What is it like in Glacier right now? Check out our webcams for a peek.
During this time of year it is also a good idea to check the current road status to ensure that the area you want to visit is accessible by vehicle.
The following information should also help you in understanding current conditions in Glacier National Park.

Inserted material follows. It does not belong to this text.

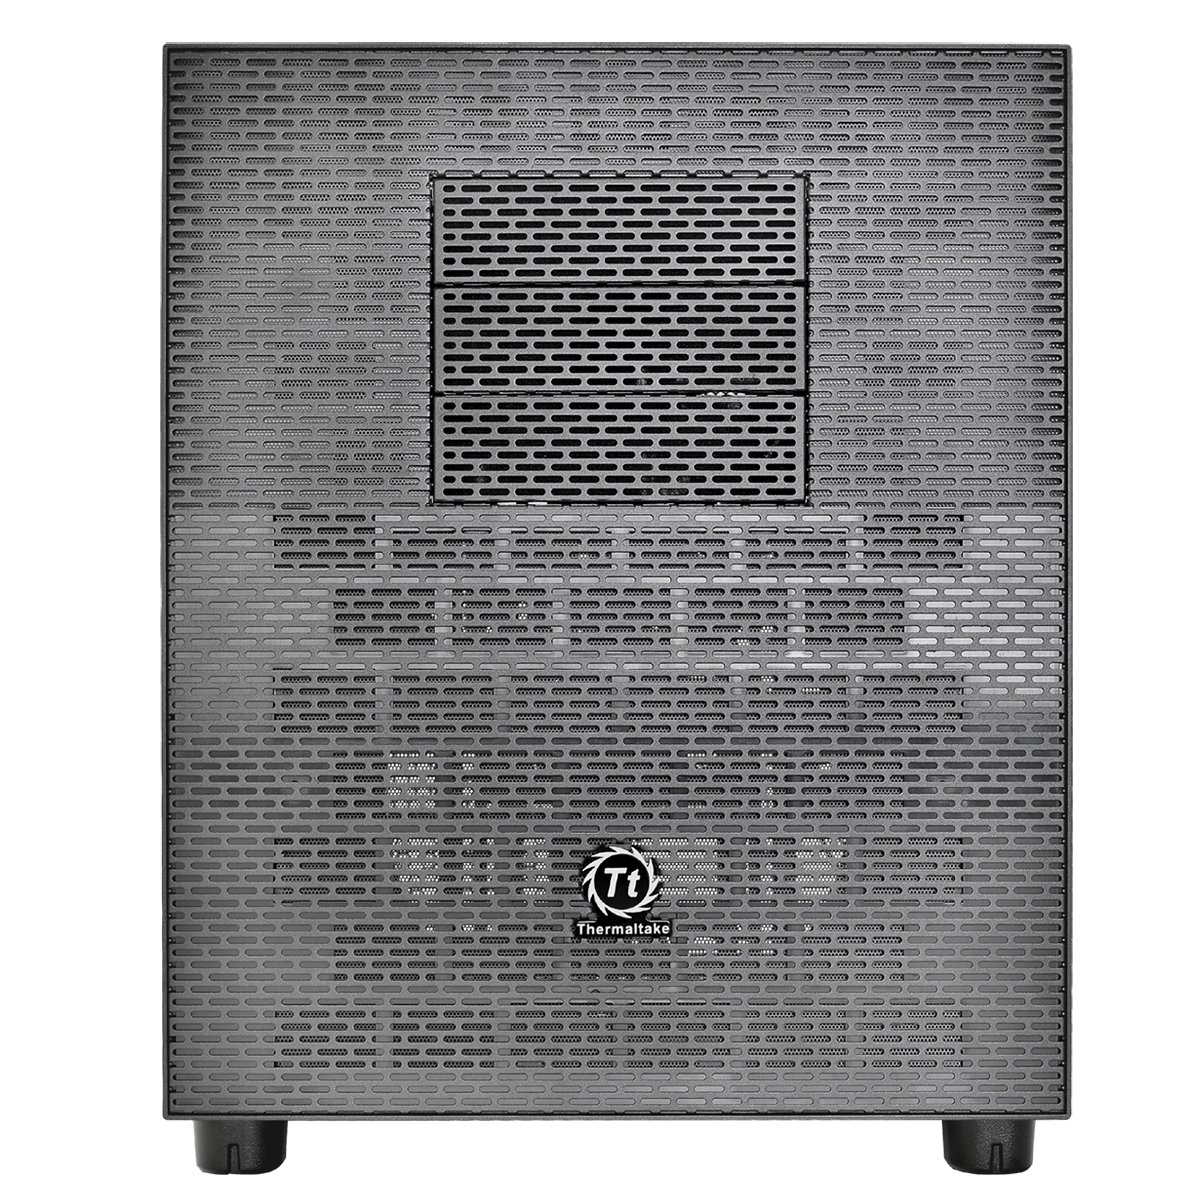 Thermaltake Core X5 - Caja de Ordenador (Cubo, PC, SGCC, ATX, EATX, Micro-ATX, Mini-ITX, Negro, Fondo): Amazon.es: Informática

Have Patience in Crowded Conditions
June set a new visitation record in Glacier, proving what we already knew: the park is busy. Plan for crowded conditions and waiting periods for parking, particularly during peak times of day. Early morning and later evening continue to offer less crowded opportunities to visit the park during the summer months.
Bowman and Kintla Lake parking areas are routinely filling by 10 am or 11 am. Logan Pass parking is routinely filling between 9 am and 10 am. Avalanche Creek, Apgar Village, and the Apgar Visitor Center parking lots are also regularly filling in the morning or early afternoon.

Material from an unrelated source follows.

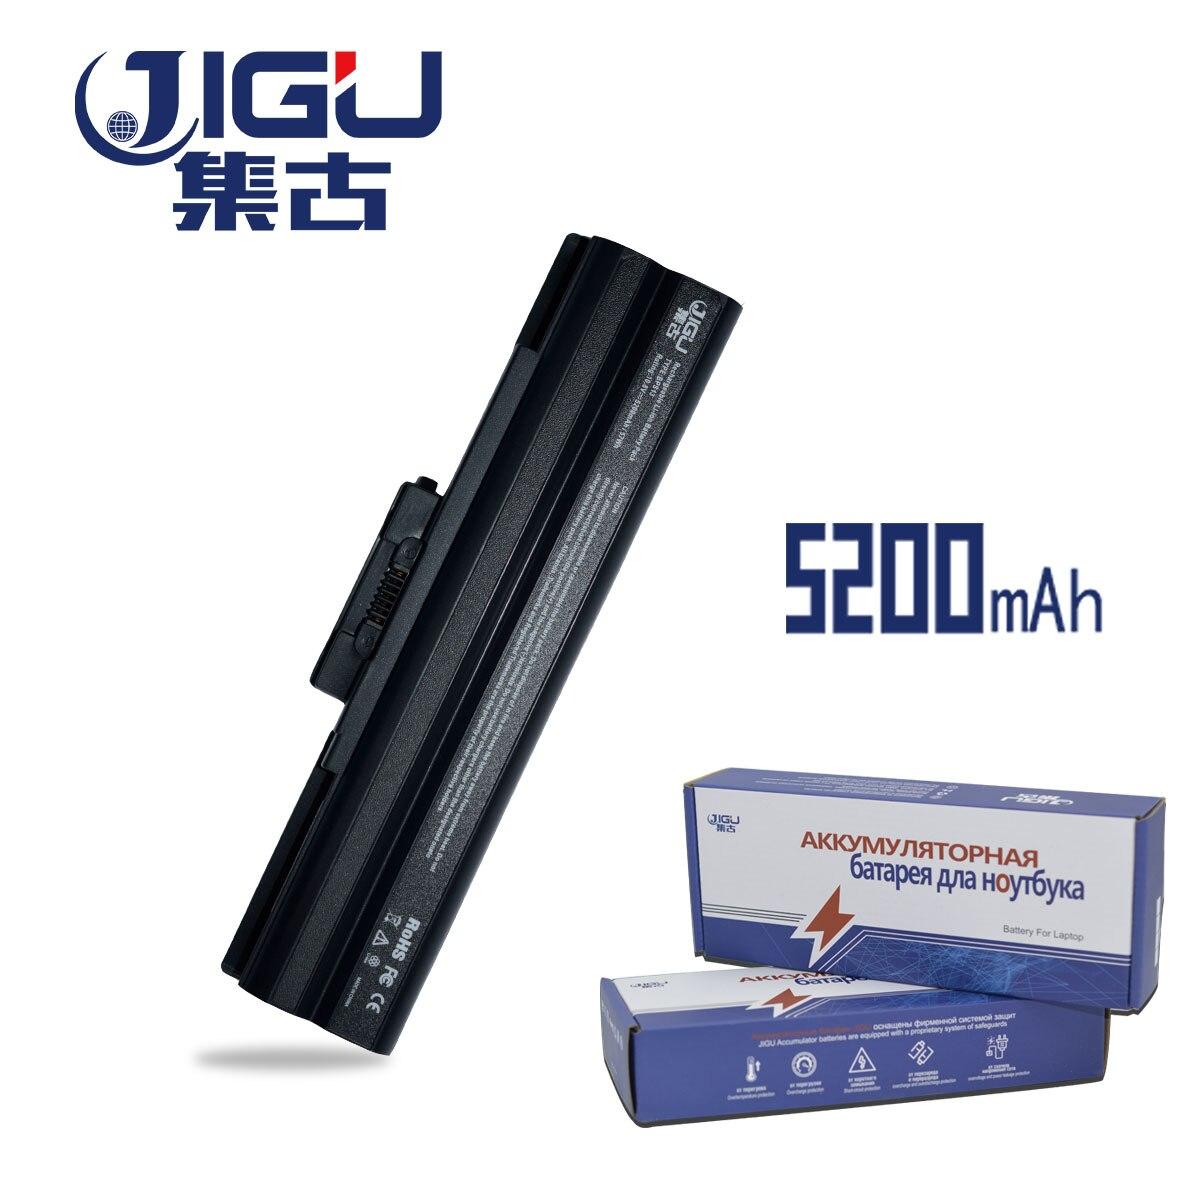 JIGU portátil batería para SONY VAIO VGP-BPS13/S VGP-BPS13A/S VGP-BPS21/S VGP-BPL21A VGP-BPS13A/B/VGP-BPS21B VGP-BPL13

In the North Fork area and other areas of the park as needed, rangers are temporarily restricting traffic to ensure that roads and parking areas remain accessible to emergency vehicles and do not become gridlocked.
The park is posting when parking lots fill and other information about real-time park conditions at twitter.com/glacierNPS.
Going-to-the-Sun Road is open in its entirety to motorized vehicle travel. Visitors can drive the whole length of the road, including access at Logan Pass.
Services at Logan Pass include restroom facilities and potable water. Logan Pass Visitor Center is also open daily. Vehicles and vehicle combinations longer than 21 feet, and wider than 9 feet, are prohibited along the Going-to-the-Sun Road between Avalanche Campground and Rising Sun.
There is lingering winter snow around Logan Pass. Drive with caution and be aware of snow walls and possible rockfall along the road.
What is open?
All the park visitor centers and ranger stations are open for the season. Check the operating hours page for specific visitor centers and backcountry permit offices.
Trails are also opening up all the time. Check the Trail Status Reports page for regular updates. Trails in high elevations, like near Logan Pass, will be covered in snow, and visitors should exercise caution when hiking. Be aware of unseen holes in the snow and snow bridges that exist. Avoid crossing steep, snow-covered slopes.
For advanced trip planning, sites in Fish Creek, St. Mary, some of Many Glacier and half of the group sites in Apgar can be reserved online atwww.recreation.gov starting in June. Campsites at Fish Creek and St. Mary are reservable no more than 6 months in advance. Group campsites at St. Mary and Apgar Campgrounds are reservable no more than 12 months in advance. Reservations through Recreation.gov must be made 3 days in advance.
Boating Regulations 2017
This summer, non-motorized, non-trailered watercraft will be permitted on Glacier National Park waters. Hand-propelled watercraft will be permitted on Lake McDonald and North Fork waters beginning May 15, and will be permitted on Two Medicine, St. Mary, and Many Glacier waters beginning June 1. This year, non-motorized watercraft will require an in-person inspection by National Park Service boat inspectors. Find inspection locations on the Boating page.
Privately owned motorized and trailered watercraft will continue to be restricted, following the detection of aquatic invasive mussels within the State of Montana announced in November of 2016. For more information see the Aquatic Invasive Species page.
Now that the road has fully opened to vehicle traffic, the spring hiker-biker shuttle has stopped operating.
Bicyclists are reminded that bicycle safety restrictions on Going-to-the-Sun-Road are in effect, and remain in effect through Labor Day, September 4. Bicycles are prohibited between Apgar Campground, and Sprague Creek Campground from 11 am to 4 pm. Bicycles are prohibited eastbound (uphill) between Logan Creek and Logan Pass from 11 am to 4 pm. Information on bicycle restrictions and average bicycle times may be found on the Bicycling page.
It is important to provide Glacier's wild residents as much space as possible. If an animal reacts to your presence you are too close. Please remain at least 100 yards away from bears or wolves, and no closer than 25 yards of any other wildlife. It is important to keep campgrounds and developed areas clean and free of food and trash.